The opinions expressed by entrepreneurs contributors are theirs.
You read Entrepreneur India, an international media entrepreneurs franchise.
Startups are an engine of economic growth, especially in developing countries like India. They are at the heart of the transformation of India into the fourth economy by 2025 and play an essential role in the realization of the vision of “Viksit Bharat” by 2047.
In recent years, the Indian startup ecosystem has experienced a remarkable transformation, fueled by innovative ideas, government initiatives, increased technological urbanization and technological penetration. This ecosystem is of particular importance for the national day of 2025 startups, because more than 1.59 Lakh Startups were recognized by the Department of Promotion of Trade in Industry and Internal Trade (DPIIT) on January 15, 2025.
This milestone firmly positions India as the third start -up ecosystem on a global scale. In addition, between 2016 and October 31, 2024, startups created around 16.6 direct jobs, according to DPIIT data.
With rapid urbanization and growth in capital flows in level II and level III regions, several industries have experienced substantial growth. Among them, the insurech sector stands out as one of the fastest markets in the country. A report by the Boston Consulting Group in partnership with the India Insurech Association underlines that the Indian Surtech market has achieved income growth of 12 times, reaching 750 million USD in 2023, lengthly drawn by Sonfi startups.
Unexploited potential
Despite this growth, Anand Prabhudesai, co-founder of Turtlemint, thinks that there is an immense unexploited potential in the sector. “With the penetration of insurance currently less than 3% of GDP – less world reference – there is a huge place for expansion as the economy develops over the next 25 years. The sector of the sector ‘Insurance should increase by 12 times to 1.4 billion USD during this period.
Layak Singh, co-founder of Artivatic.ai (the renewbuy renewech arm, underlines the challenge of expanding access to insurance in small towns and villages. “Most insurance companies continue to focus on high-level cities and find it difficult to expand due to high fixed costs. Even today, insurance remains very underestimated in small towns , largely because of its structures of complex products and dependence on the physical branch-directed distribution models, “he explains.
Matilde Giglio, co -founder of the same said: “Let us first admit that health insurance is a complex product to understand. -Sure. Stress.
On the other hand, Animesh Das, MD and CEO of Acko General Insurance has echoed the same challenges, but locate the light of the opportunities that the market offers. “The Insurech sector of India is at an exciting inflection point, driven by rapid digital adoption, the evolution of customer expectations and the growing demand for affordable and personalized insurance solutions”, share -Al.
Tech on tradition: Fruits and risks
It is over the time when an insurance agent would visit your home with a bag full of documents, spending hours filling the forms.
Amit Boni, founder and CEO of Surredit Notes, “Consumers are now expecting instant policies, AI complaints treatment and personalized coverage.
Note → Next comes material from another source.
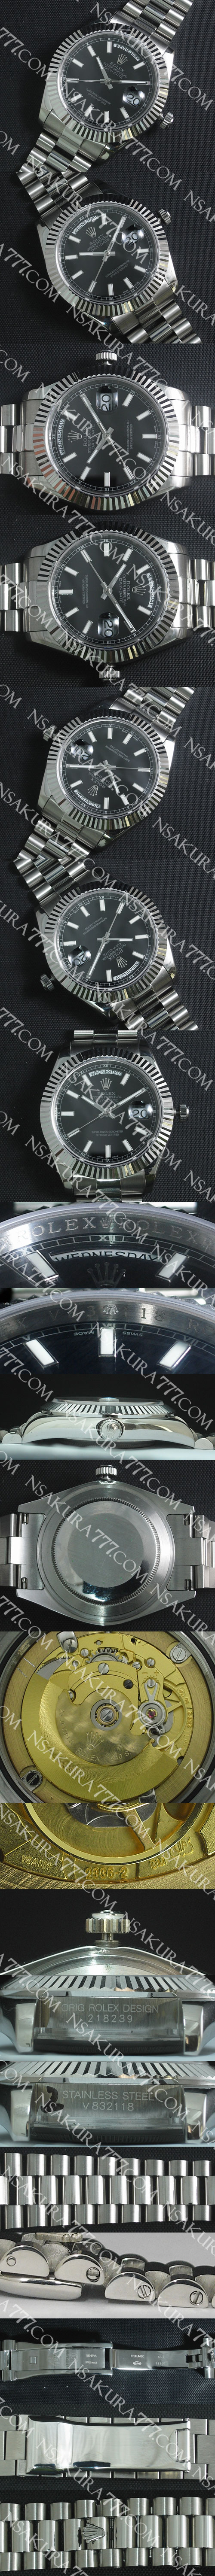 レプリカ時計ロレックス デイデイト II Swiss 2836-2 - ウインドウを閉じる

Insurance companies are occasionally offering Innovative and client -focused solutions. “
At the same time, the spokesperson emphasizes the risks associated with AI. “With the rise of AI, insurers are forced to completely rethink cyber-assurance. We believe that this will evolve from simple reports on web monitoring and identity theft to a much more complex environment And in constant evolution.
Layak Singh also highlights the transformative role of technology in the reshaping of the insurance sector. “AI algorithms allow instant risks assessments, rationalize application processes and improve precision-in advantage of insurers and candidates,” he explains.
Singh also warns traditional insurance companies on an imminent change in industry, predicting what he calls an era of “digital darwinism”. “Technological progress will soon exceed organizational adaptability. To survive and prosper at that time, traditional insurers had to kiss digital forces to extend their scope and reduce operational costs,” he warns.
In addition, he points out that partnerships between traditional insurers and technology -oriented startups accelerate digitization through the insurance chain.
Road for “insurance for all by 2047”
To penetrate beyond metropolitan cities, the experts underlined the need for tax relief from the government.
“Since we are approaching the Union 2025 budget, the reconsideration of the 18% TPS on health insurance policies and the introduction of tax relief measures for rent and retirement products could play a role Central in the increase in financial inclusion and security, “said Prabhudesai.
Layak Singh shares a similar perspective, adding: “With the reduction of TPS on health insurance premiums, there should also be a dedicated health regulator to effectively monitor medical costs. terms could encourage more people to ensure with adequate life cover.
Giglio echoes these challenges, but highlights another essential aspect, “the strengthening of digital and health infrastructure in small cities is crucial. Partnerships with insurers and fintech platforms, as well as the accent on poorly served areas, will lead to awareness and adoption. “
DAS believes that the realization of the vision of “insurance for all” by 2047 requires more than tax incentives. “The political improvements that encourage innovation, improve data sharing frameworks and allow deeper public-private partnerships will play a central role,” he will conclude.